The introduction of visual information unequivocally enhances the diversity of generated audio across various categories. This is particularly evident when comparing models that utilize prototype images versus those that average visual features, with the former consistently outperforming the latter in diversity metrics. The paper highlights several key findings:

  • Diversity Improvement: Substantial improvements in the diversity of generated audio, as evidenced by higher MSD values across most categories when visual cues are incorporated.
  • Quality Maintenance: The quality of audio generated with visual guidance remains on par with, if not superior to, audio generated purely from category labels. This is significant, as it demonstrates the feasibility of enriching audio diversity without compromising the overall quality of generated content.
  • Visual Information as a Control Mechanism: The use of more representative images not only enhances diversity but also provides a means to control the specifics of generated audio, underscoring the potential for customized audio generation.

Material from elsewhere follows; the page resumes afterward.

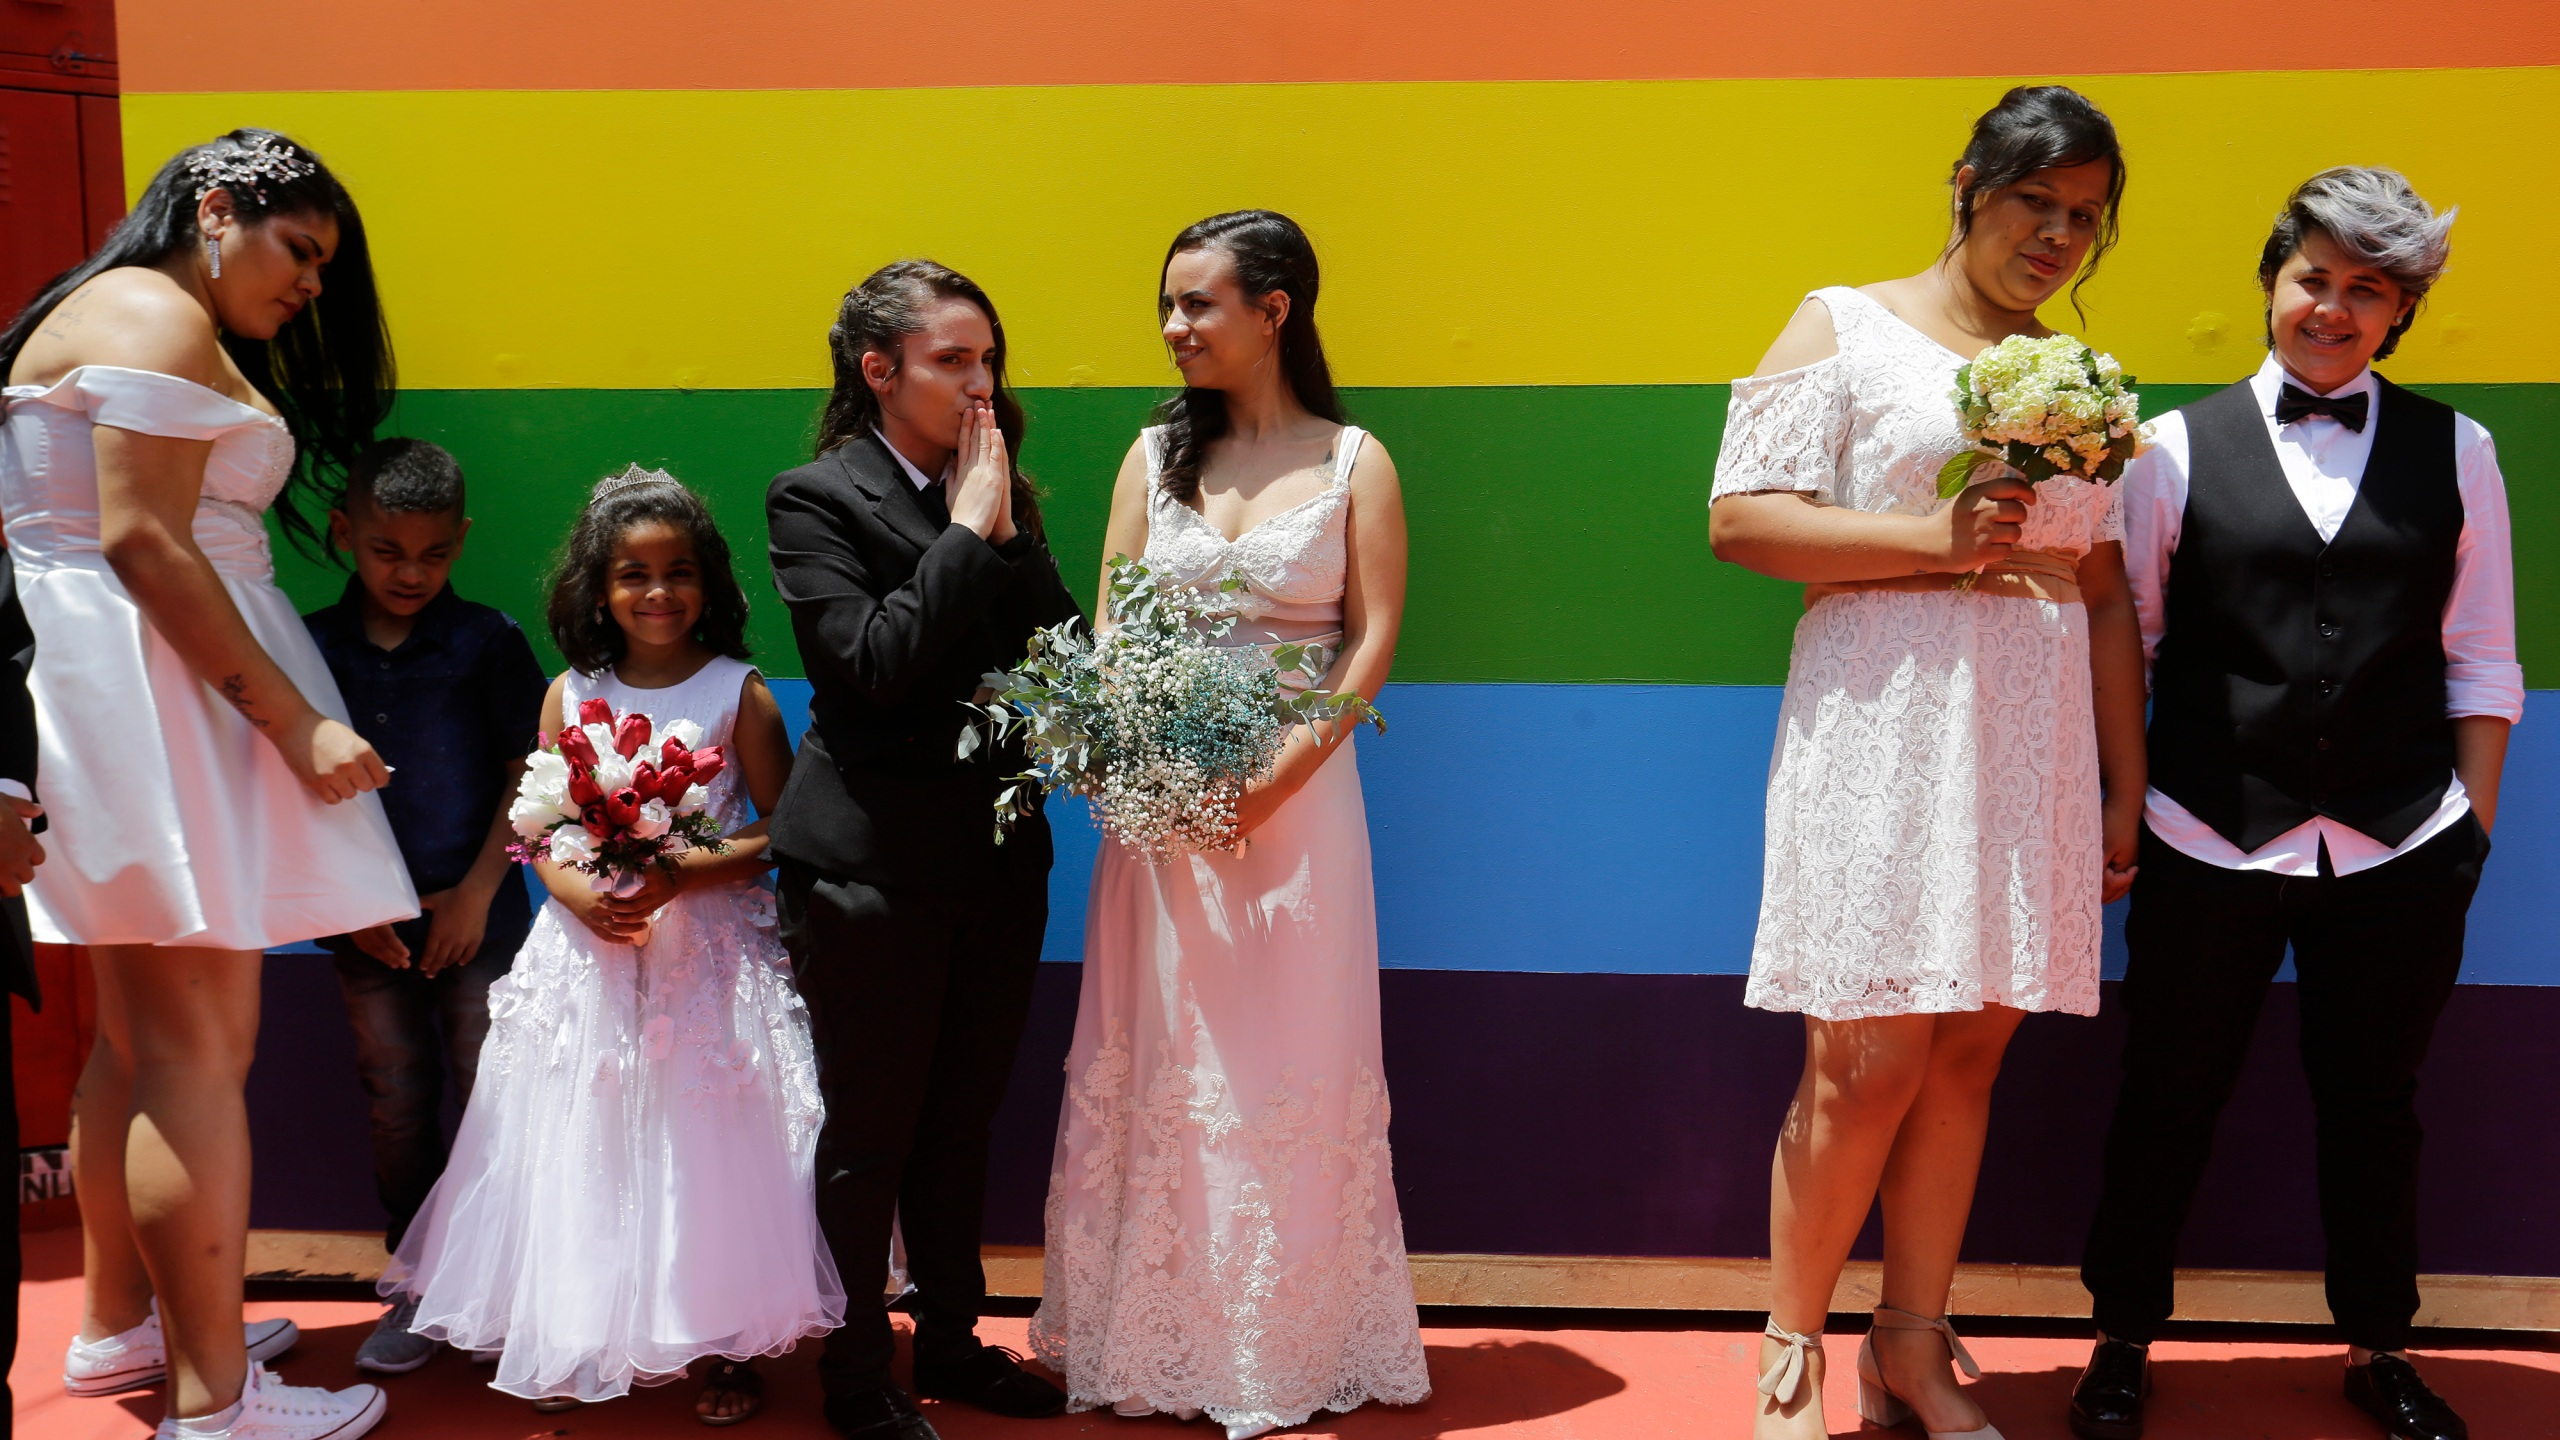 Brazil Homophobia_1560483644788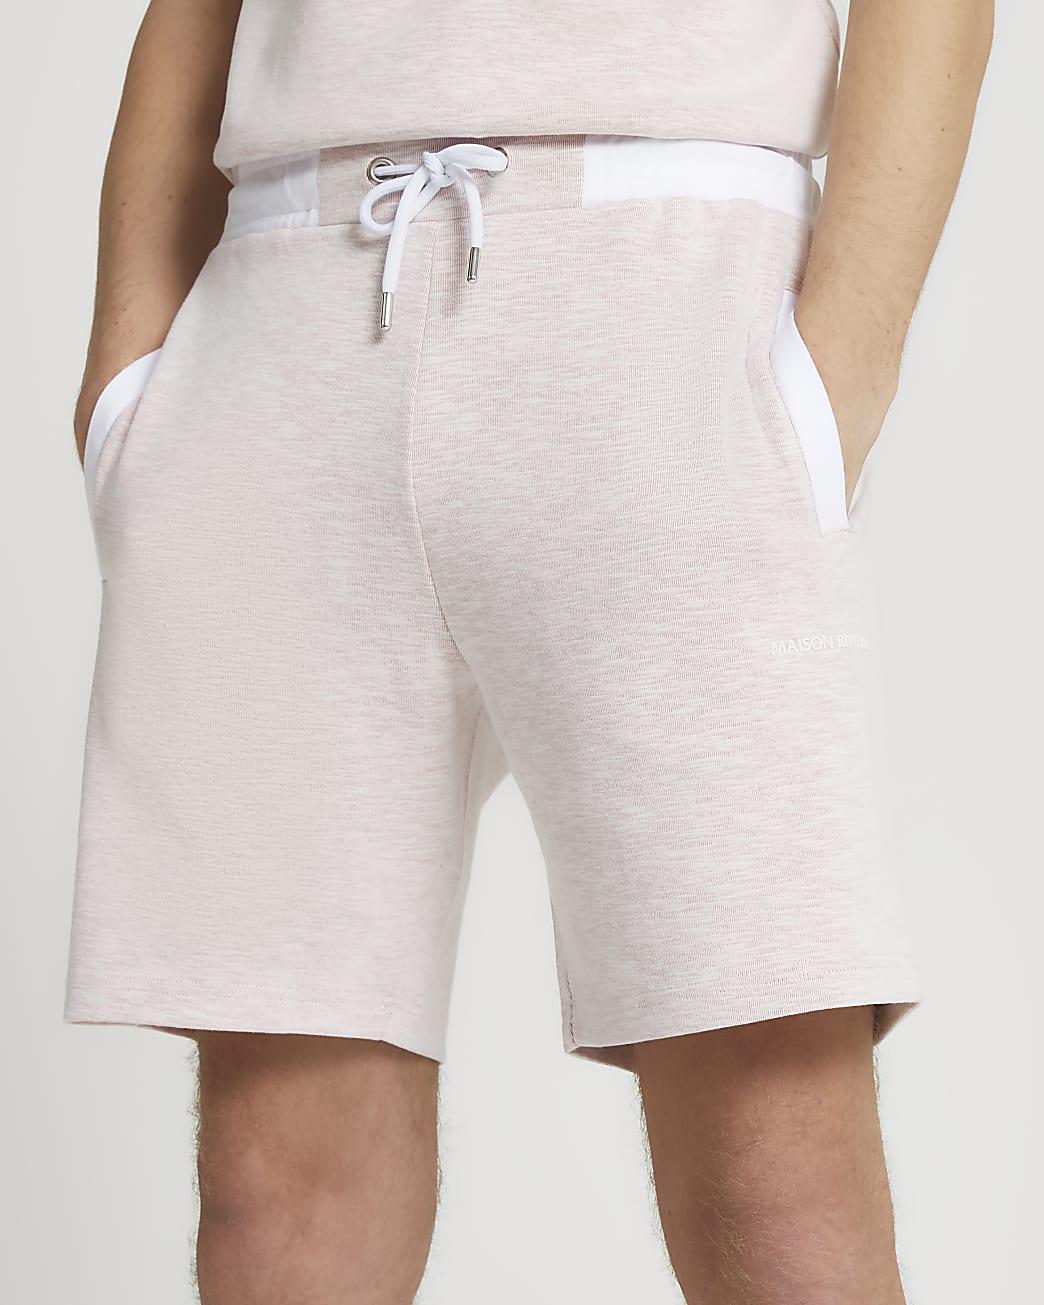 Maison Riviera pink space dye slim fit shorts

Conclusion and Future Outlook

This paper presents a compelling case for the integration of visual information into the audio generation process to surmount limitations in diversity observed in current generative models. The proposed clustering-based framework adeptly leverages the complementary nature of audio and visual data to produce audio samples that are not only diverse but also of high quality. Future research directions might explore automated methods for image retrieval to scale this approach and further refine the use of visual data to control generation parameters, potentially leading to even more nuanced and tailored audio generation capabilities.